Ketua Komisi Pemilihan Umum (KPU) Arief Budiman berpendapat tidak ada alasan kuat untuk mengubah pemilihan kepala daerah secara langsung dan mengembalikannya melalui DPRD. Pelaksanaan pilkada langsung sudah berjalan dengan baik sejak 2004 silam.
Pendapat ini disampaikan Arief merespons wacana yang dilontarkan Ketua DPR Bambang Soesatyo (Bamsoet) terkait kepala daerah dipilih kembali melalui DPRD.
“Semuanya sudah semakin baik. Jadi tidak ada alasan-alasan yang dapat digunakan untuk mengembalikan pemilu melalui DPRD," ucap Arief di Jakarta, Kamis (19/04).
Arief tidak sepakat dengan alasan, pilkada langsung membutuhkan ongkos politik yang besar. Menurutnya, justru undang-undang yang dibuat DPR dan pemerintah berupaya mengurangi biaya politik penyelenggaraan pilkada.
Salah satunya, pembuatan alat peraga kampanye seperti spanduk, baliho dan poster kini dibebankan pada penyelenggara pilkada, bukan peserta pilkada.

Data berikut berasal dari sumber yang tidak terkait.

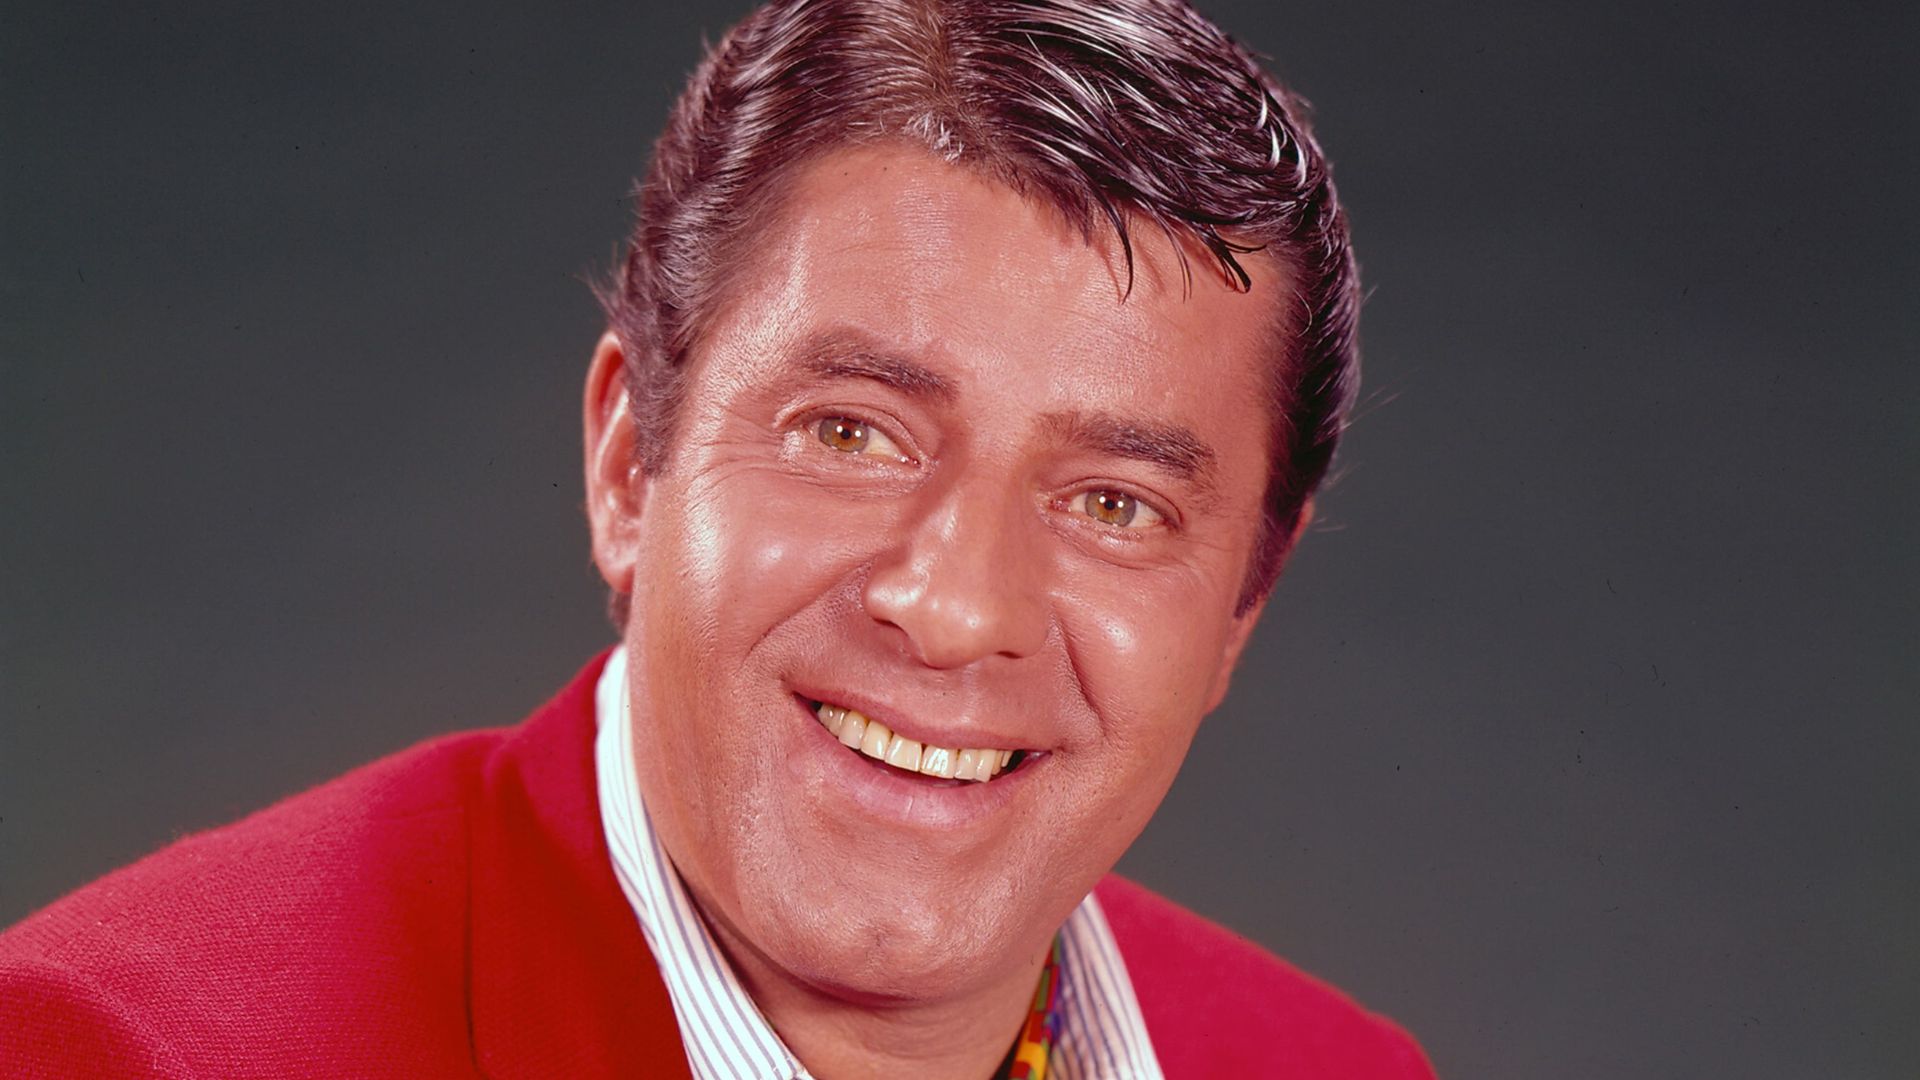 Jerry Lewis In Red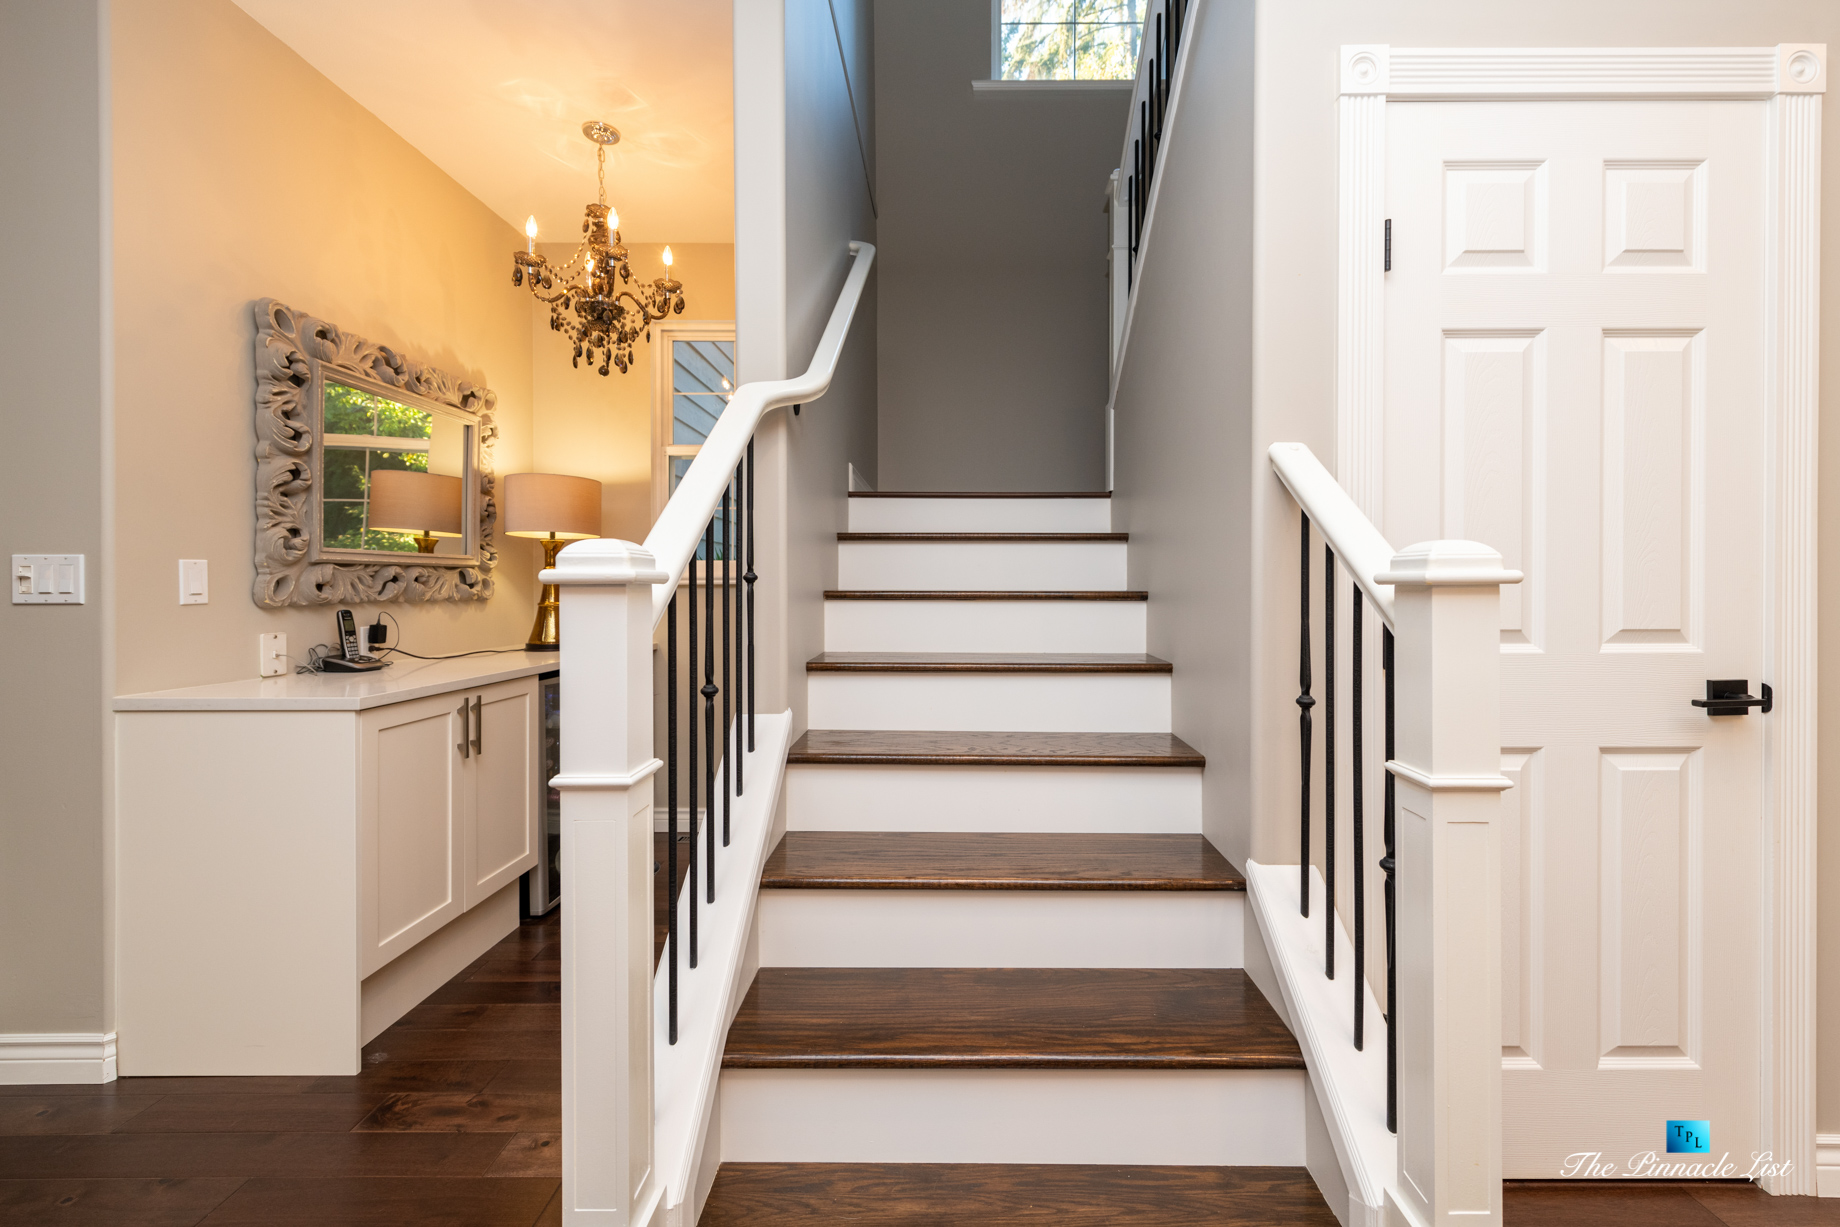 2366 Sunnyside Rd, Anmore, BC, Canada - Kitchen Stairs

Hal itu tercantum dalam Undang-undang Nomor 10 tahun 2016 tentang Pilkada. Dalam undang-undang itu juga ada batasan penerimaan sumbangan dana kampanye bagi peserta pilkada.
“Kalau lihat tren regulasinya, semua berupaya membuat penyelenggaraan pemilu ini menjadi lebih baik, murah, efektif, dan efisien," katanya.
Selain itu, Arief mengatakan DPR dan pemerintah pun telah sepakat untuk memperkuat penyelenggara pilkada, yakni KPU, Bawaslu, dan Dewan Kehormatan Penyelenggara Pemilu (DKPP).
“Kalau sudah diperkuat, untuk apa pemilihannya tidak dilakukan melalui proses yang diselenggarakan oleh penyelenggara pemilu?" tanya Arief.
Arief menambahkan, KPU telah berupaya maksimal menyelenggarakan pilkada dan pemilu yang kredibel, transparan, dan akuntabel. Semua tahapan pemilu dan pilkada, ujar dia, dapat dipantau secara langsung oleh publik.
Misalnya mengenai perencanaan anggaran, Arief mengatakan KPU memberi tahu total anggaran yang akan digunakan. Publik dapat mengakses di laman resmi KPU.
"Jadi enggak ada lagi alasan bahwa anggaran kini tertutup, enggak terkontrol. Enggak ada," tambah dia.
Terkait tahap pemutakhiran data pemilih, publik juga dapat mengecek melalui sistem yang bernama Sidalih (sistem data pemilih). Begitu pula perihal penghitungan suara, baik dari tempat pemungutan suara (TPS) hingga rekapitulasi di KPU pusat, publik bisa mengawasi karena KPU mempublikasikannya di laman resmi.
“Bukan hanya angka-angka di TPS yang dipublikasi, tetapi juga berita acara yang ditandatangani di TPS," tandas Arief.